The stop-action rifle was officially approved by the military in 1961 and immediately began to enter the hands of the US military. Although it saw a lot of work in Vietnam - and between 1961 and 1971, about 350,000 "bloopers" were made - the M79 did not disappear after the war; the "thumper" was even field tested in Iraq as an anti-IED system in the early days of Operation Enduring Freedom, where its range provided enough "exit distance" to destroy suspected roadside bombs with well-placed 40mm HE. is correct
Light in design, with wooden frames - usually black walnut or birch, although plastic became an option - the M79 weighs about the same as the M16, and is two and a half meters long, when uncut. -portable. But it only plays one round at a time.
The Army had also tested the T148, a semi-automatic grenade launcher that could roll three rounds in the air before hitting the ground. But his side-feeding magazine often got stuck on the GI tract, got stuck in heavy brush, or got damaged by debris and mud, causing jams, according to Rottman. After little field testing, the prototype was scrapped in 1960.
Fire And Maneuver 2.0
The need for an independent launcher that can get some grenades down ricky tic without colliding together met the China Lake monster 8-pound pumped grenade launcher, which had the weight of three 40mm grenades - but, according to Rottman, thought veteran grenadiers. outside the way to carry two more extras, one in the chamber, and the second on the lift plate, which carries the ammunition from the feeding way to the chamber.
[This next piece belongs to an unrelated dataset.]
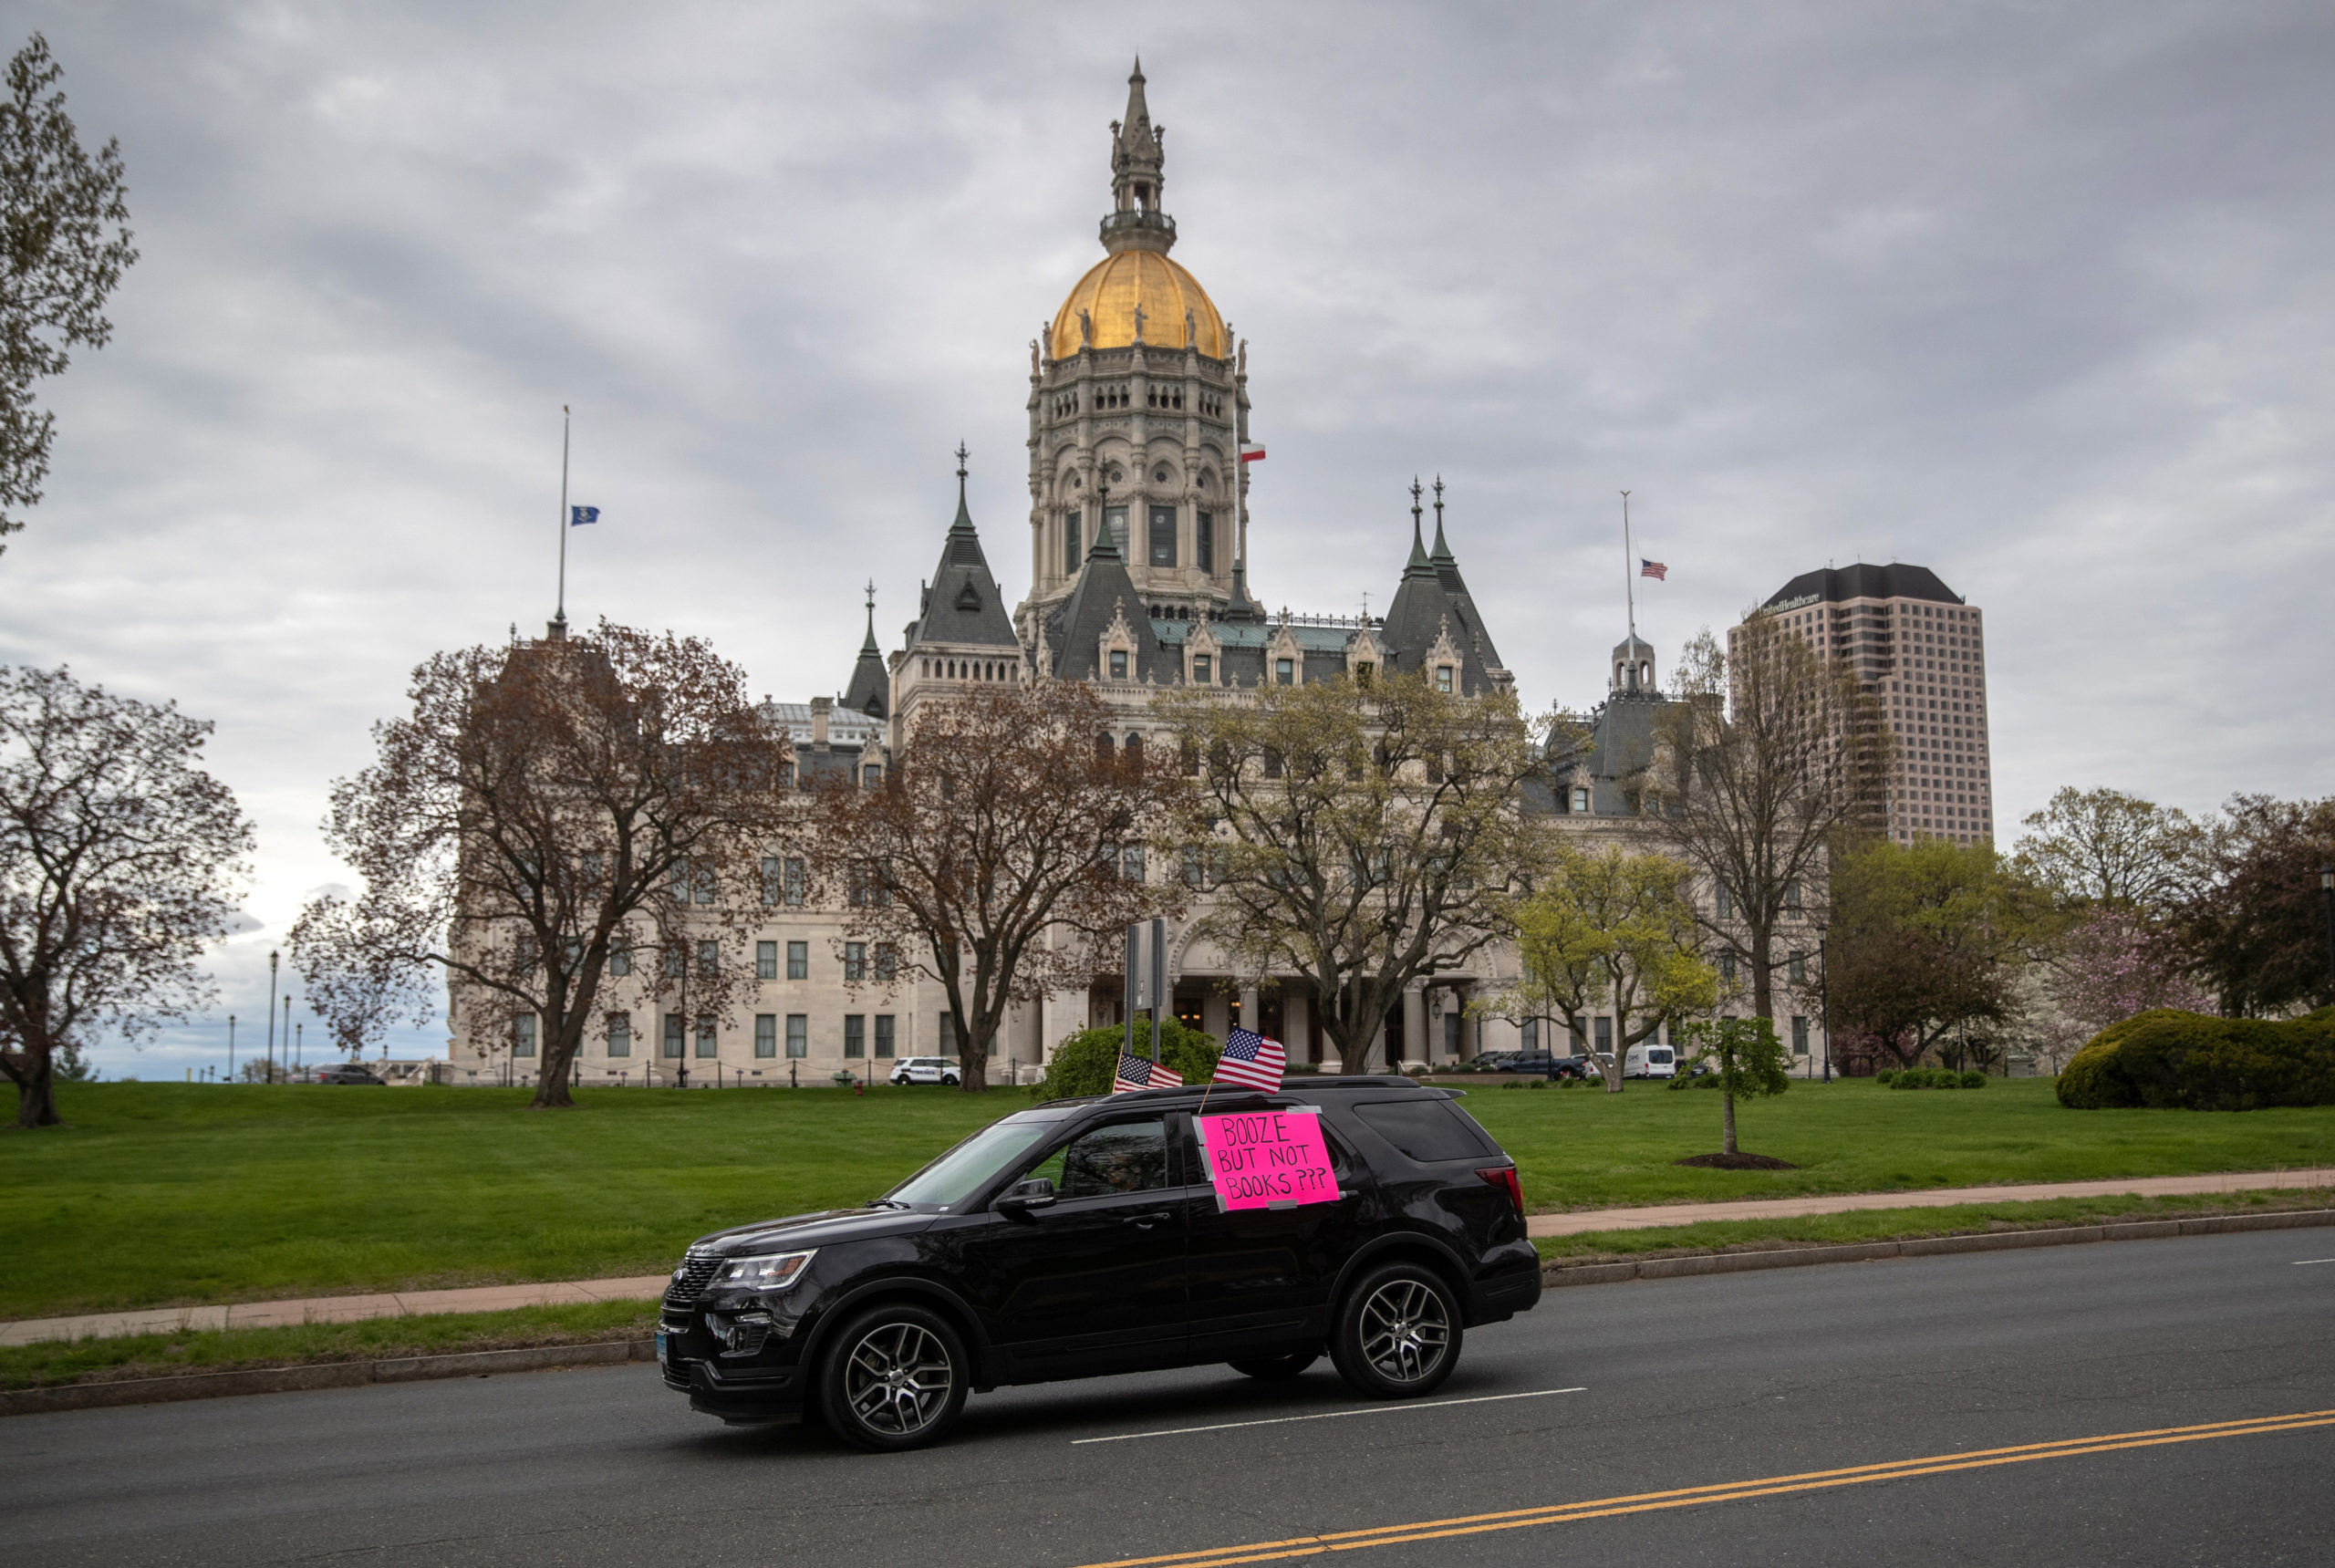 HARTFORD, CONNECTICUT - MAY 04: Demonstrators hold a "Rolling Car Rally" against Democratic Governor Ned Lamont's stay-at-home order to combat the coronavirus (COVID-19) pandemic on May 04, 2020 in Hartford, Connecticut. About a hundred vehicles drove around the state capital building and then the governor's mansion, displaying flags and signs. (Photo by John Moore/Getty Images)

The force was created at the Naval Weapons Center in China Lake, California in 1968, and was mainly raised by Navy SEALs from Vietnam.
China Lake, however, was a one-trick pony: Any 40mm round except for a large burst was prone to jamming. Only a handful of weapons were made, probably between 16 and 50 — which is as high as serial numbers go — and only four are known to survive, safely preserved in museums, Rottman writes.
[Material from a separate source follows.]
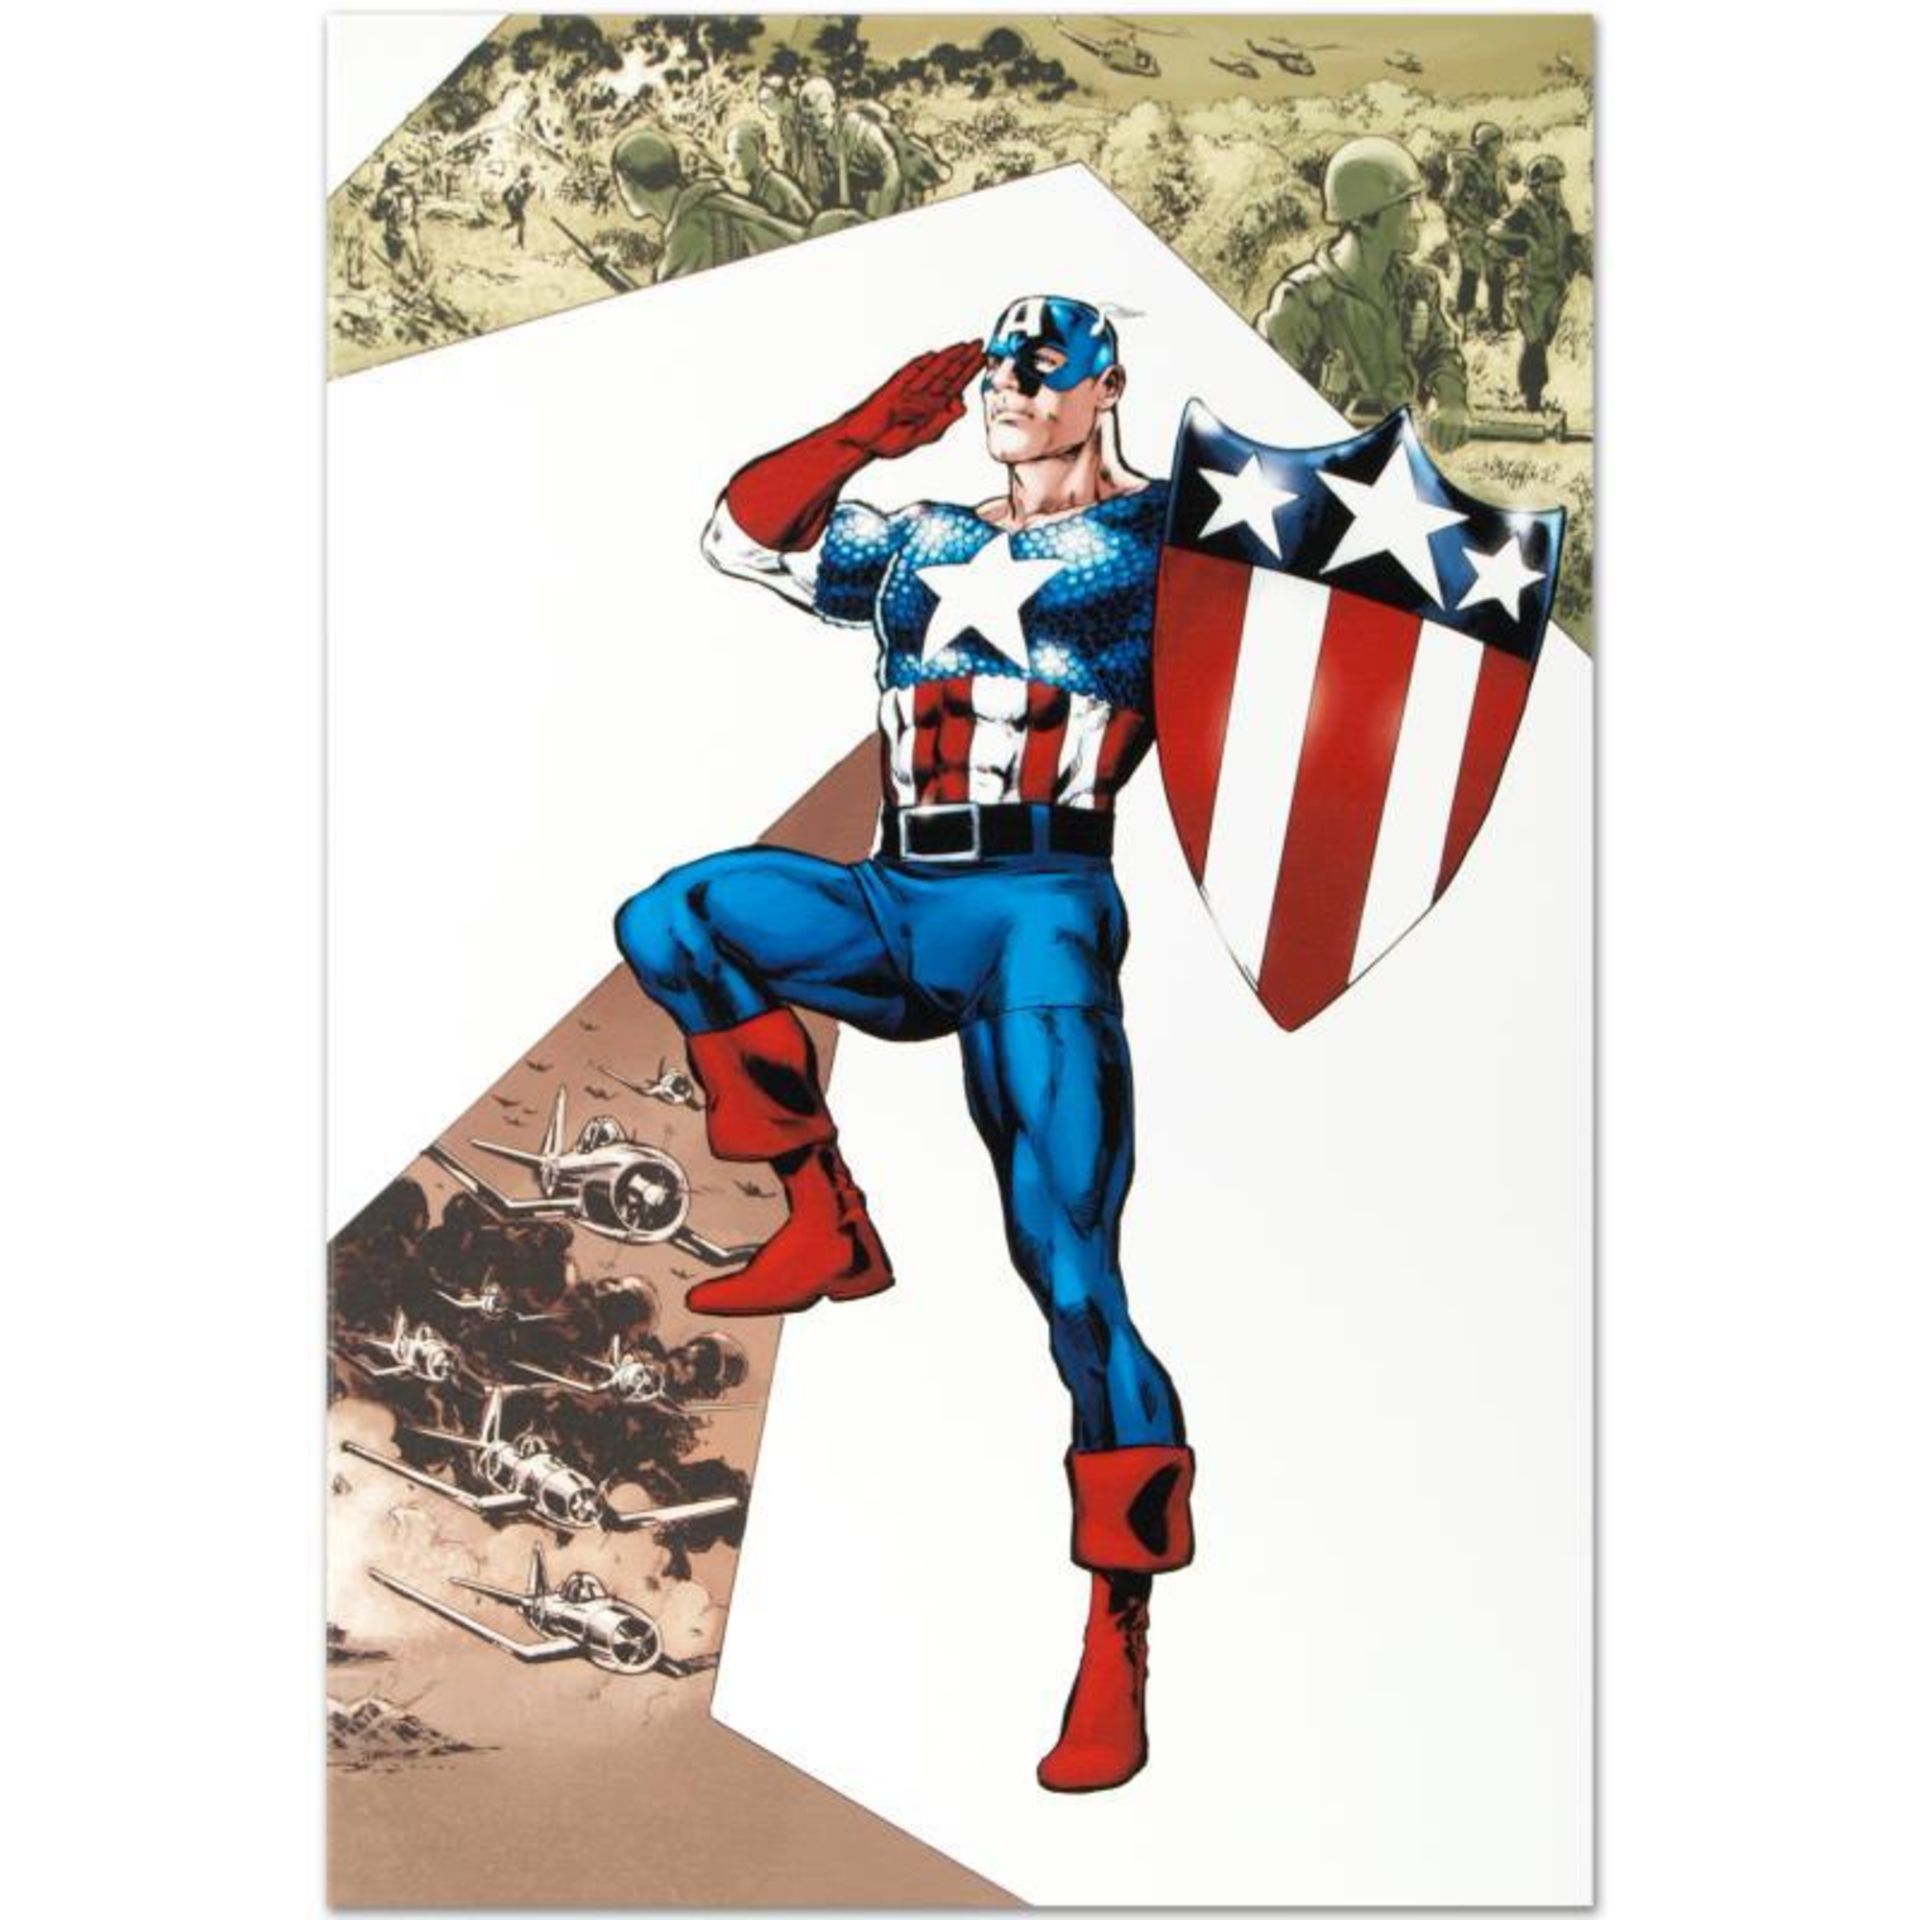 Marvel Comics "Captain America Corps #2" Numbered Limited Edition Giclee on Canv

In May 1963, the US military looked at adding an under-the-hole grenade to the newly developed M16 rifle, War Is Boring. After a few mishaps with the XM-148 - the mounted gun was irregular, difficult to clean, and prone to breakage - the military got the M203.
The first M203s reached the US military in Vietnam in 1969, where they were well received: The launcher was tough, reliable, and less likely to fail in heavy jungle growth than the XM-148. For the first time since the hand grenades of World War II, infantry and fire brigades were able to fire a grenade without firing a gun - or loading a grenade.